- DATA BELOW:
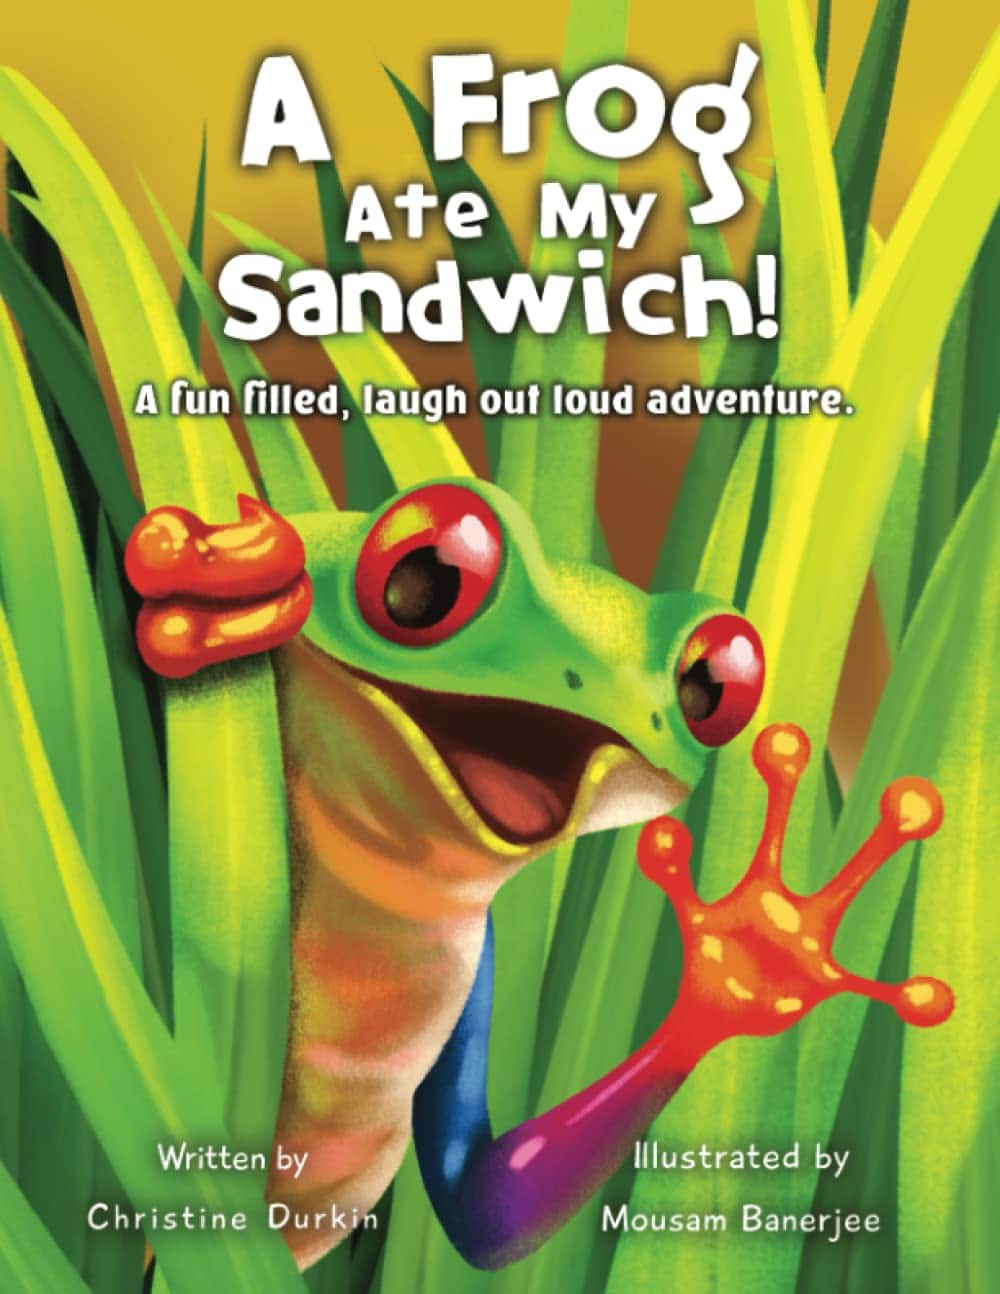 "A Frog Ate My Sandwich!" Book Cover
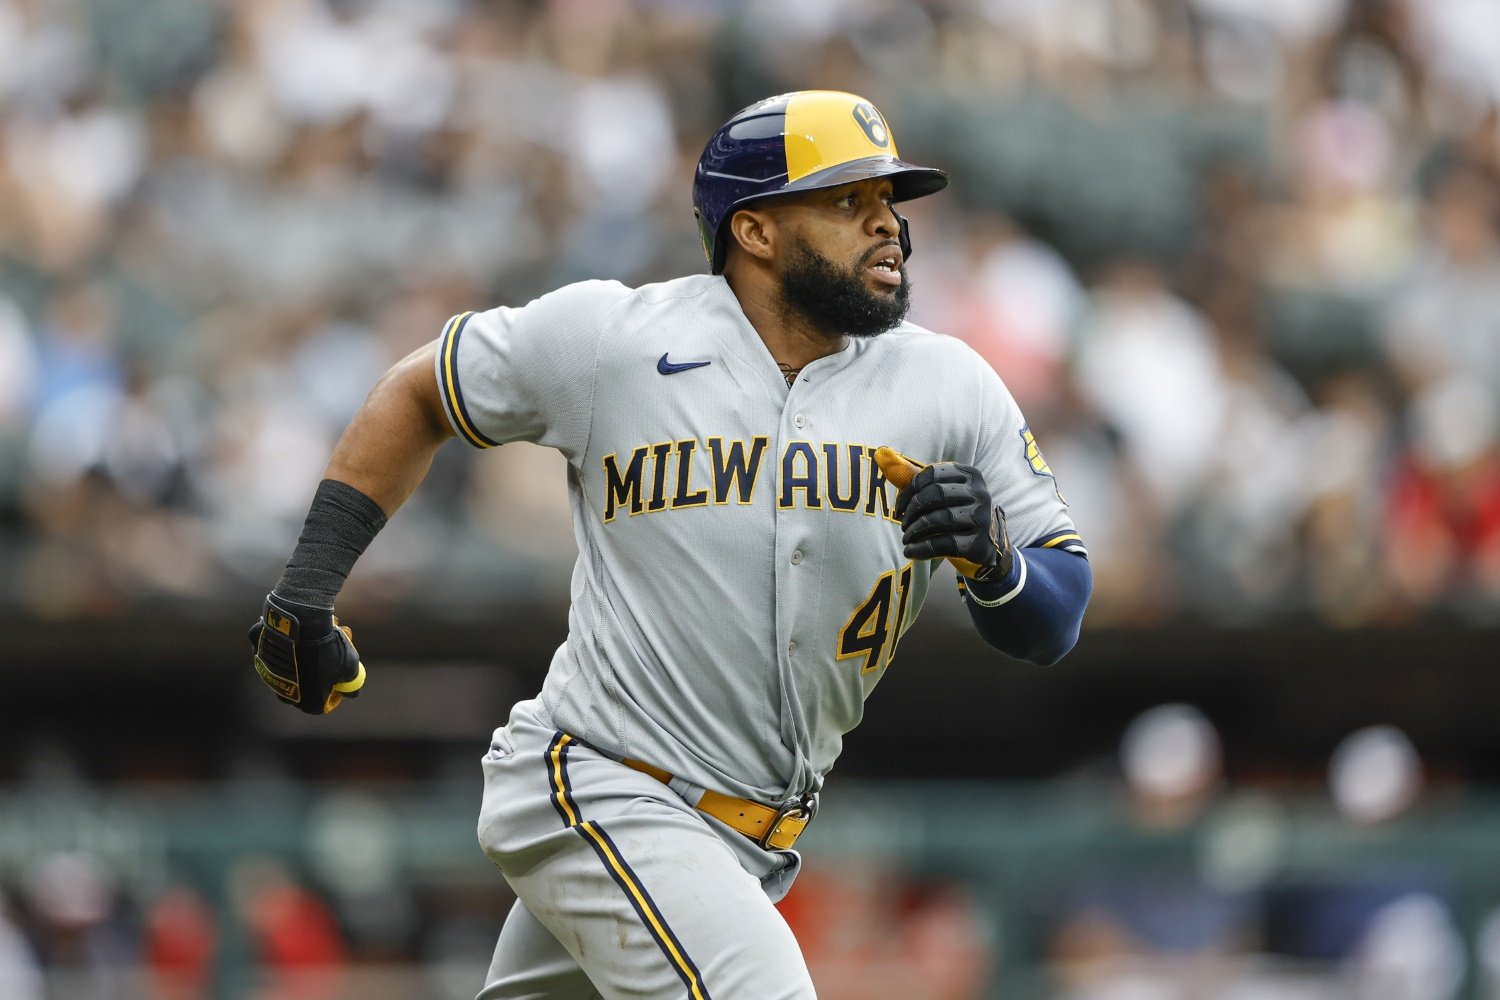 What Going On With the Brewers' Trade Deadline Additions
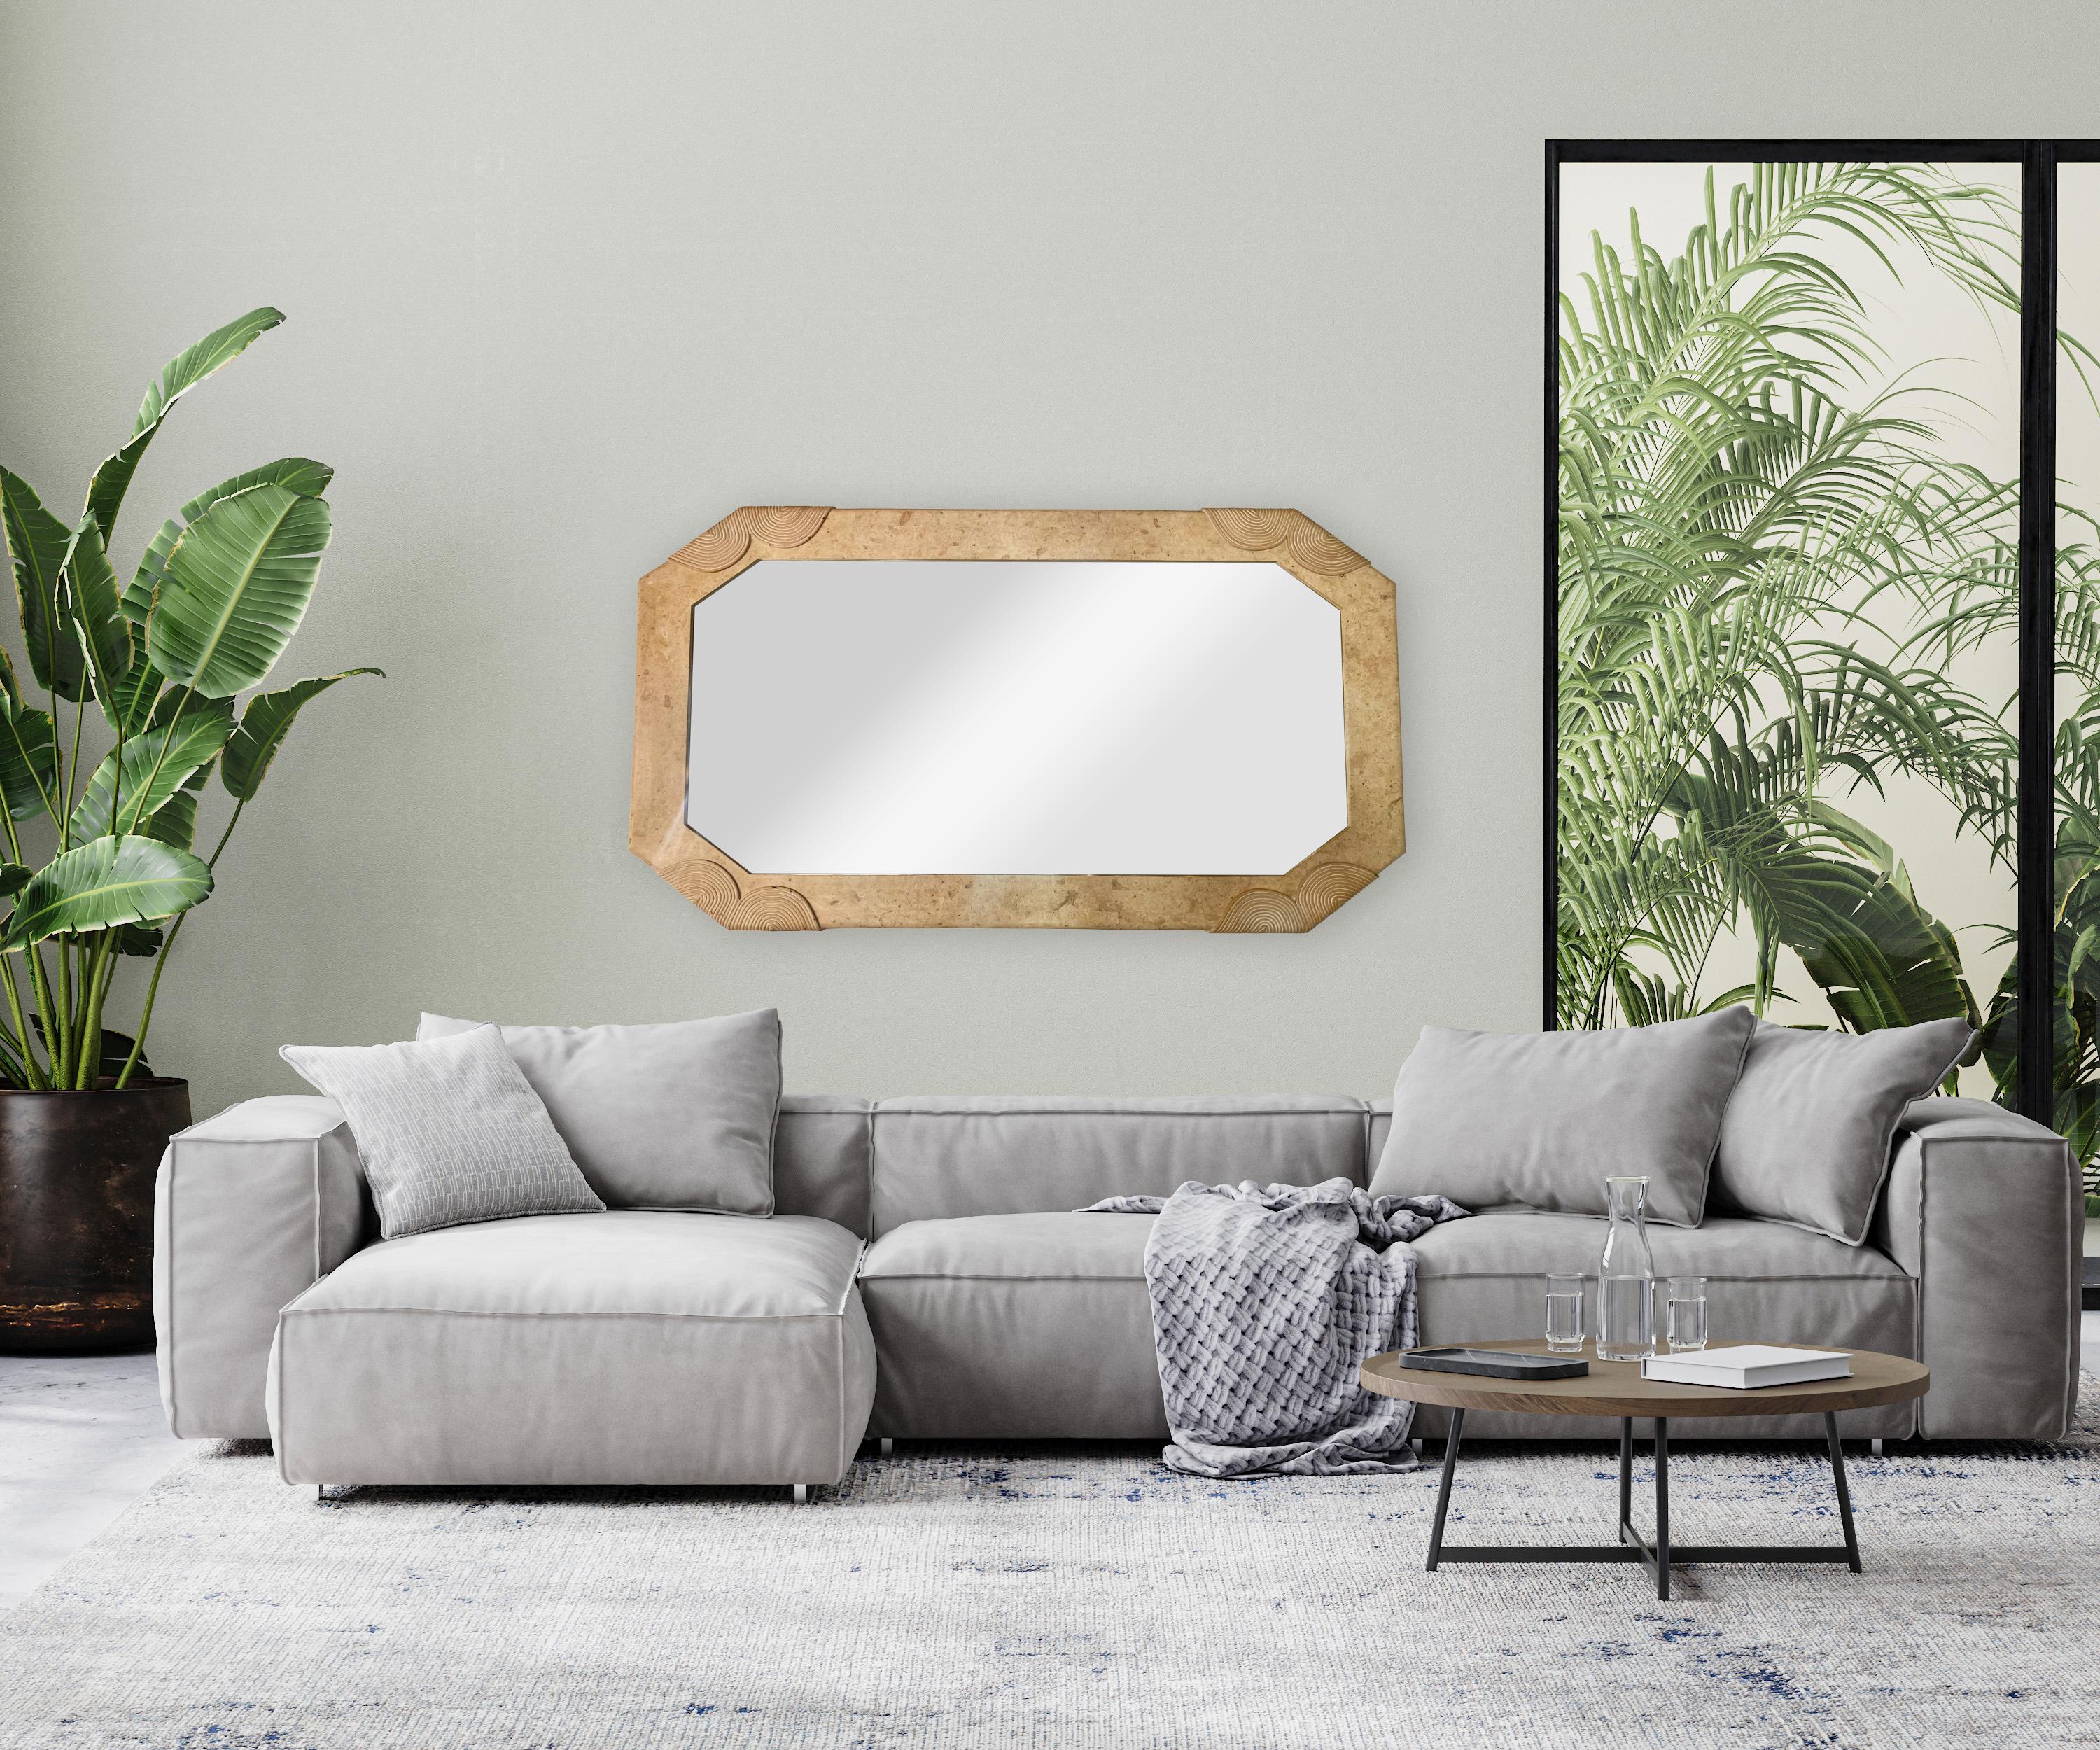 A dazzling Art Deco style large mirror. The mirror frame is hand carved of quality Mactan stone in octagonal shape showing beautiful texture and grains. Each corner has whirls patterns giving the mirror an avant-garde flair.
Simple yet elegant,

- TASK:
Print all of the material exactly. Omit pictures.

- EXERCISE SOLUTION:
 "A Frog Ate My Sandwich!" Book Cover
 What Going On With the Brewers' Trade Deadline Additions
 A dazzling Art Deco style large mirror. The mirror frame is hand carved of quality Mactan stone in octagonal shape showing beautiful texture and grains. Each corner has whirls patterns giving the mirror an avant-garde flair.
Simple yet elegant,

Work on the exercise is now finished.